Concerning adaptation measures, India’s rights jurisprudence also provides potential bases for litigation. While there have been no specific decisions pertaining to the adequacy of climate adaptation measures taken by the government, the SC has struck down a government amendment to the Coastal Regulatory Zone Notification, diluting protection afforded to the coastline. The Court held that the amendments were against the public interest and granted the government unchecked discretion that could result in serious ecological damage (Indian Council for Enviro-legal Action v Union of India).
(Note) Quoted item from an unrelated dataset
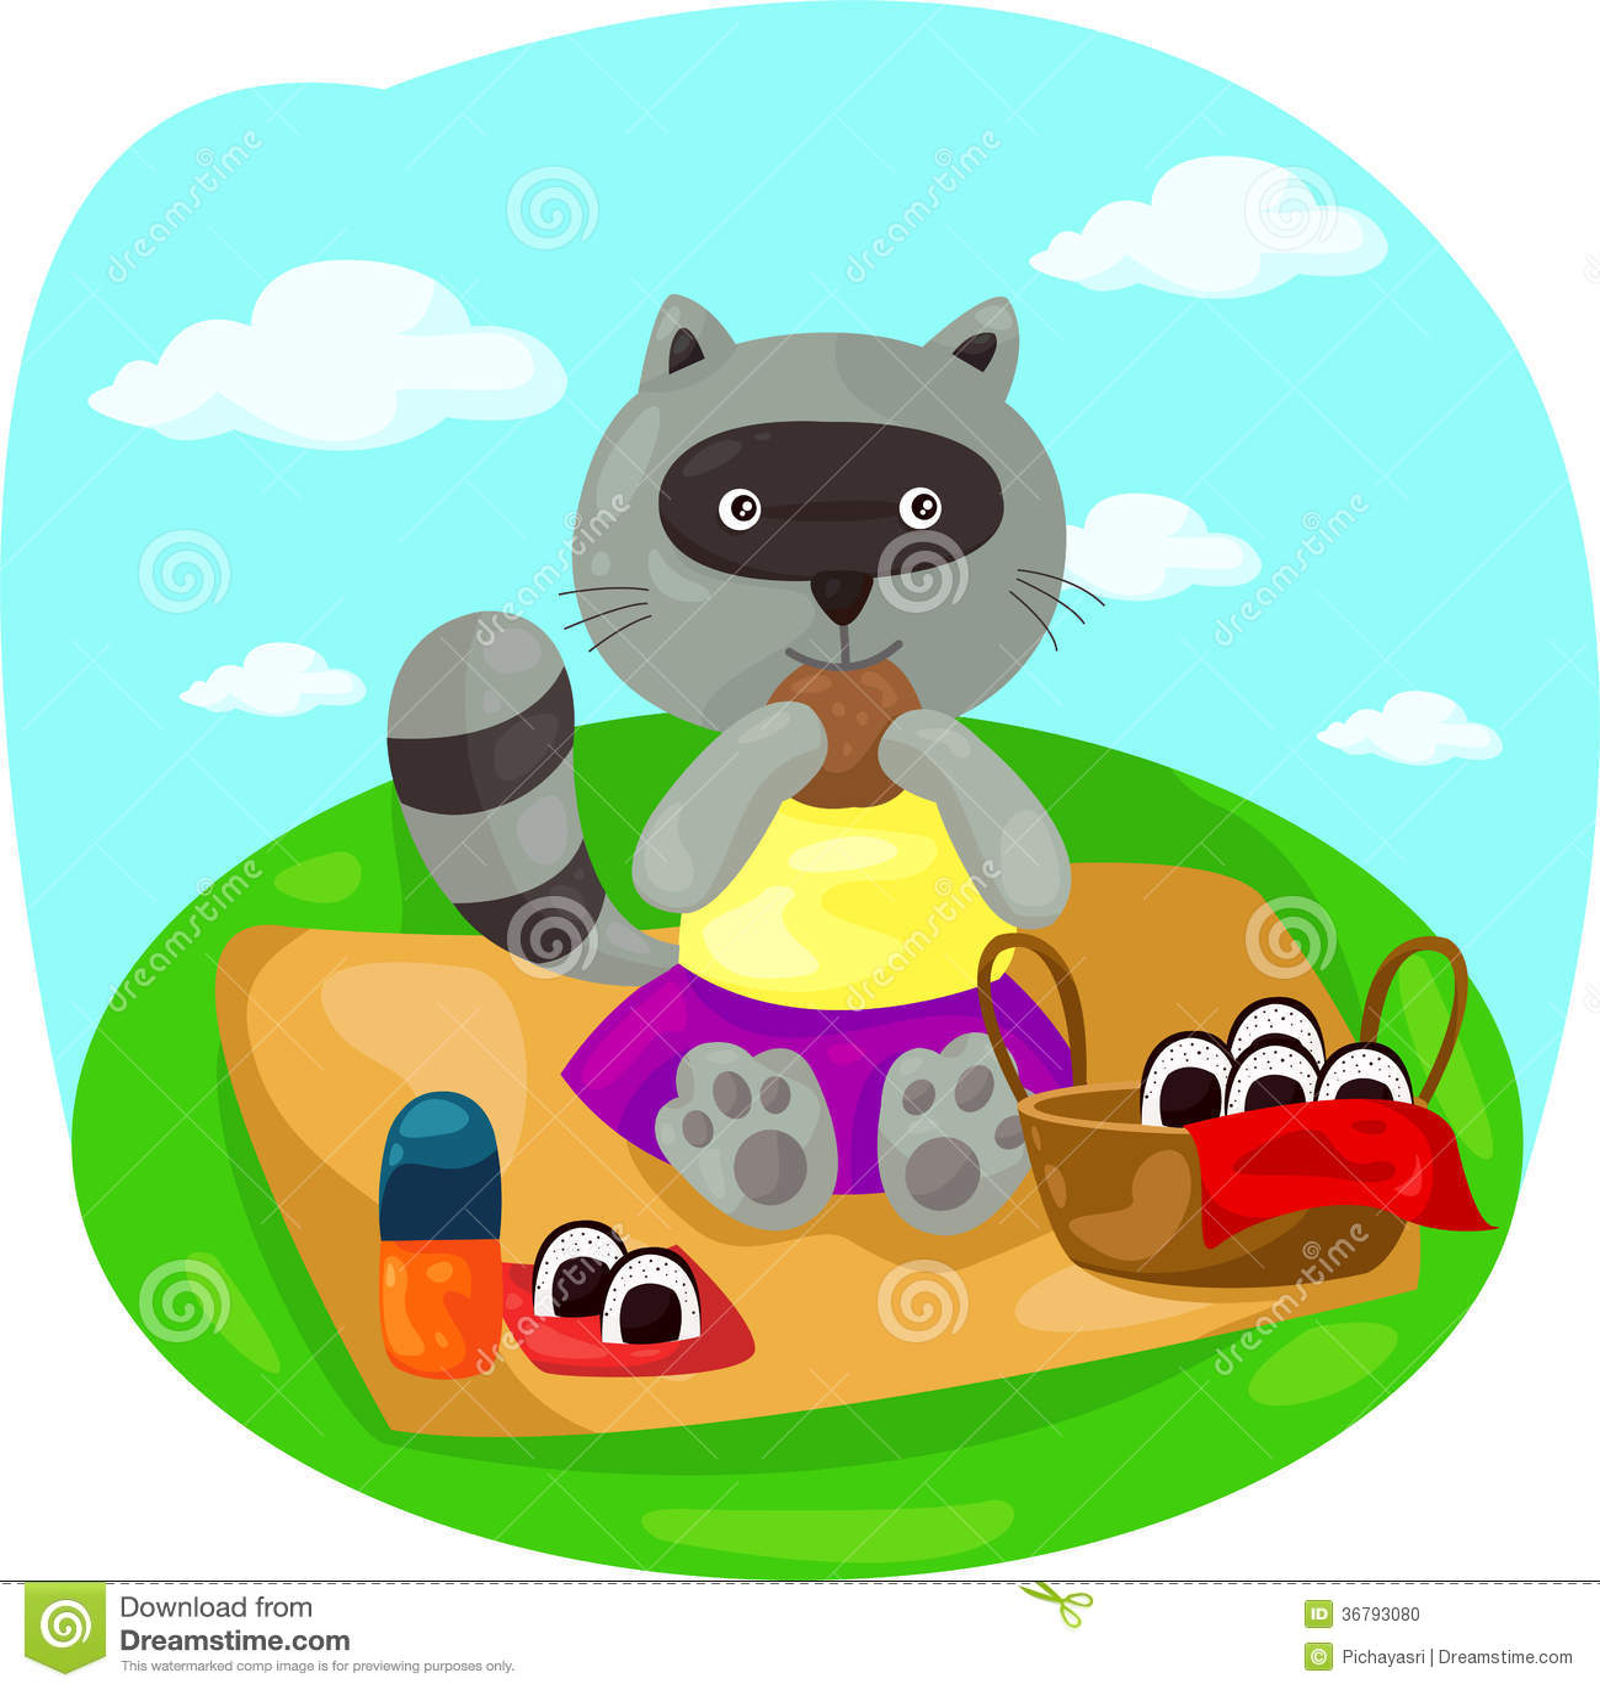 Cartoon Raccoon Picnic Stock Photo - Image: 36793080

The Court directed the government to complete the coastal planning exercise in a time-bound manner and ensure the enforcement of legal provisions in relation to coastal protection.

To date, individuals in Bolivia have not brought cases against the State or a government department for a specific project that contributes to aggravate climate change.

In Bolivia, any public or private actor who intends to develop a project that could negatively impact the environment needs to obtain an environmental permit prior to the commencement of its activities. National environmental legislation (Law 1333 and its regulation) establishes rules of procedures for Environmental Impact Assessments for such infrastructure projects. Project developers are required to evaluate the potential risks or impacts of the activities. This EIA has to be submitted to the competent environmental authority before an environmental license is given.

Environmental Regulation also states that an applicant is required to engage in a consultation process to publicise the characteristics of the project and its potential impacts as well as the mitigation measures to be adopted. This is consistent with the Bolivian constitution stating that “the population has the right to participate in environmental management, and to be consulted and informed prior to decisions that could affect the quality of the environment.” (Article 343, Bolivian Constitution).

If an environmental permit is granted to a project that does not meet the environmental legislation’s requirements, and therefore creates risks for the environment and population, an individual could file a claim against the public actor who authorised the infrastructure project through the competent administrative authority or judicial body, demanding its annulment and the author´s responsibility (Law 1333 and its regulation).

Also, collective rights (such as environmental rights) could be used as legal grounds to bring a popular action against an agreement or permit granted by public authorities that threatens or violates these rights, as established in articles 34, 135 y 136 of the Bolivian Constitution. If granted, this action could lead to the suspension of the project.

However, though within their rights, these kinds of initiatives have been hindered in the past by the government’s actions. For instance, several policies and regulations have been adopted which allow for hydrocarbon, mining, energy, and transport projects and have resulted in socio-environmental conflicts around numerous projects, such as the TIPNIS Highway and Chepete-El Bala and Rosita hydroelectric developments. NGOs and affected indigenous communities strongly opposed these developments for their environmental and climate change implications as well as their impact on indigenous and local populations’ rights and filed legal actions (acciones populares) against them. However, the government defended these projects, considering them necessary to the country’s socio-economic development and the legal actions resulted fruitless.